The first printing house in Glogow was probably established around 1606 by Joachim and Wigant Funch and operated until the Thirty Years' War[34]. Another printing house was established in 1676[35]. In the 19th century, printing became an important industry in Glogow[36]. In 1862, a scientific and cultural periodical, "Schlesische Provinzialblätter - Neue Folge," began publishing in the city, a continuation of the "Schlesische Provinzialblätter" periodical, which was important for Silesian culture[36].
Glogow, 1915.
In the 19th century, efforts were made to abolish the fortifications, but it was not until 1873 that their boundaries were moved eastward, and in 1902 they were abolished, allowing for its normal development. After the removal of the city walls, the city experienced a building boom, and the population increased from 24,000 around 1900 to 33,000 in 1939. Anticipating such developments, as early as 1905 the city authorities engaged Josef Stübben (1845 - 1936), one of the most respected urban planners in Germany at the time, to create a long-term development plan for the city of Glogow. It was at his instigation that a stretch of greenery was created in the following years on the land left over from the bastions surrounding the city center[37]. The city was home to a furnace, machine and clock factory and a brewery.

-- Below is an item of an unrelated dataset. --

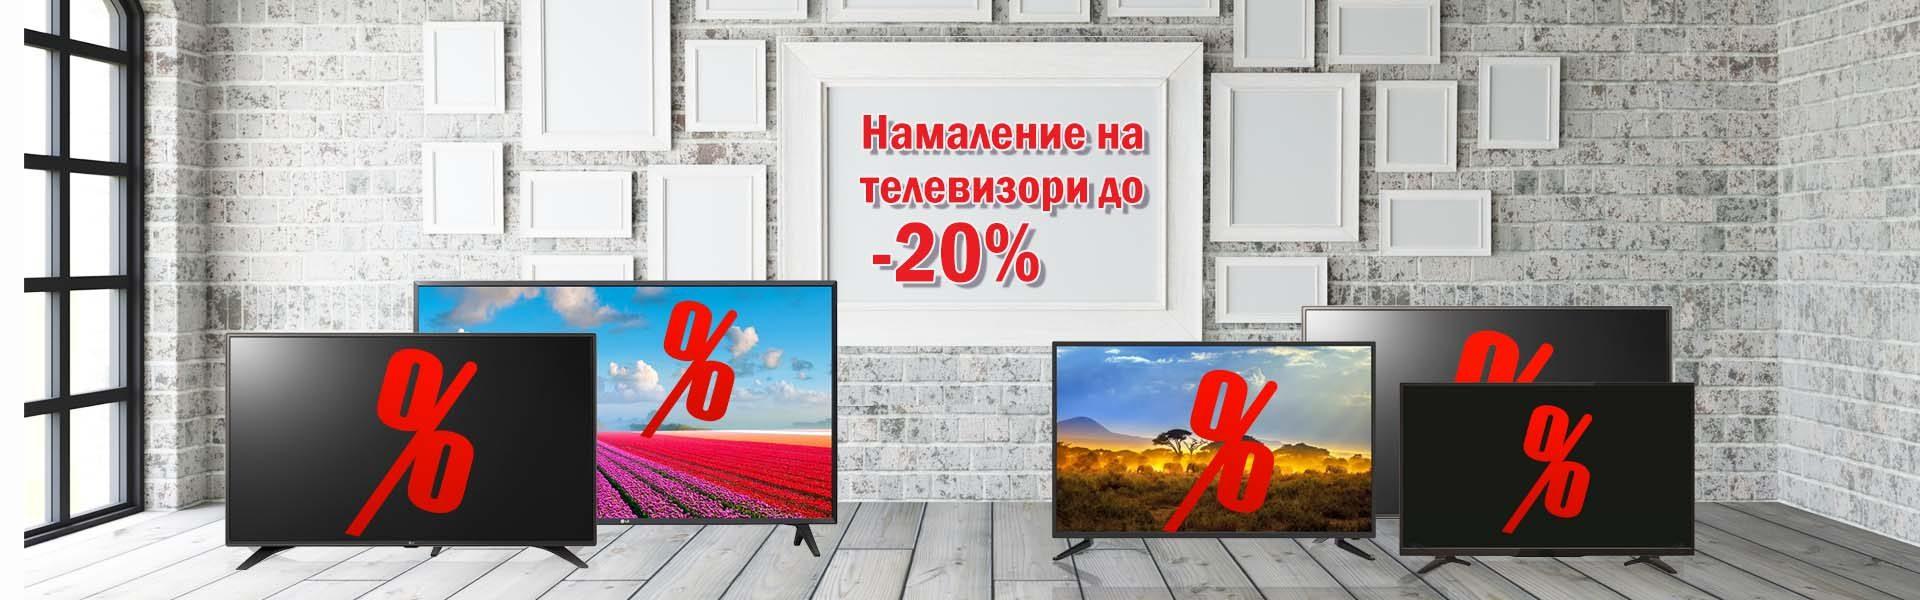 Разпродажба на телевизори

In 1917 there was a mutiny by soldiers of the local garrison called the Glogow Revolution (Red Soldiers' Council), which was bloodily suppressed[38].
World War II
Shortly before the end of World War II, Glogow was declared a fortress. A six-week siege of the city by the Red Army (from 11 II to 1 IV 1945) resulted in the destruction of more than 95%[39] of the buildings. The Old City lay in ruins. Among the demolished buildings was the 15th-century Collegiate Church of St. Mary. St. Mary's Collegiate Church. A monument was erected in Slavic Square[40] to honor Soviet soldiers - the conquerors of the city. Glogau was transferred by the Soviet occupation authorities to Polish administration in the summer of 1945. The German name Glogau was replaced by the name Glogow.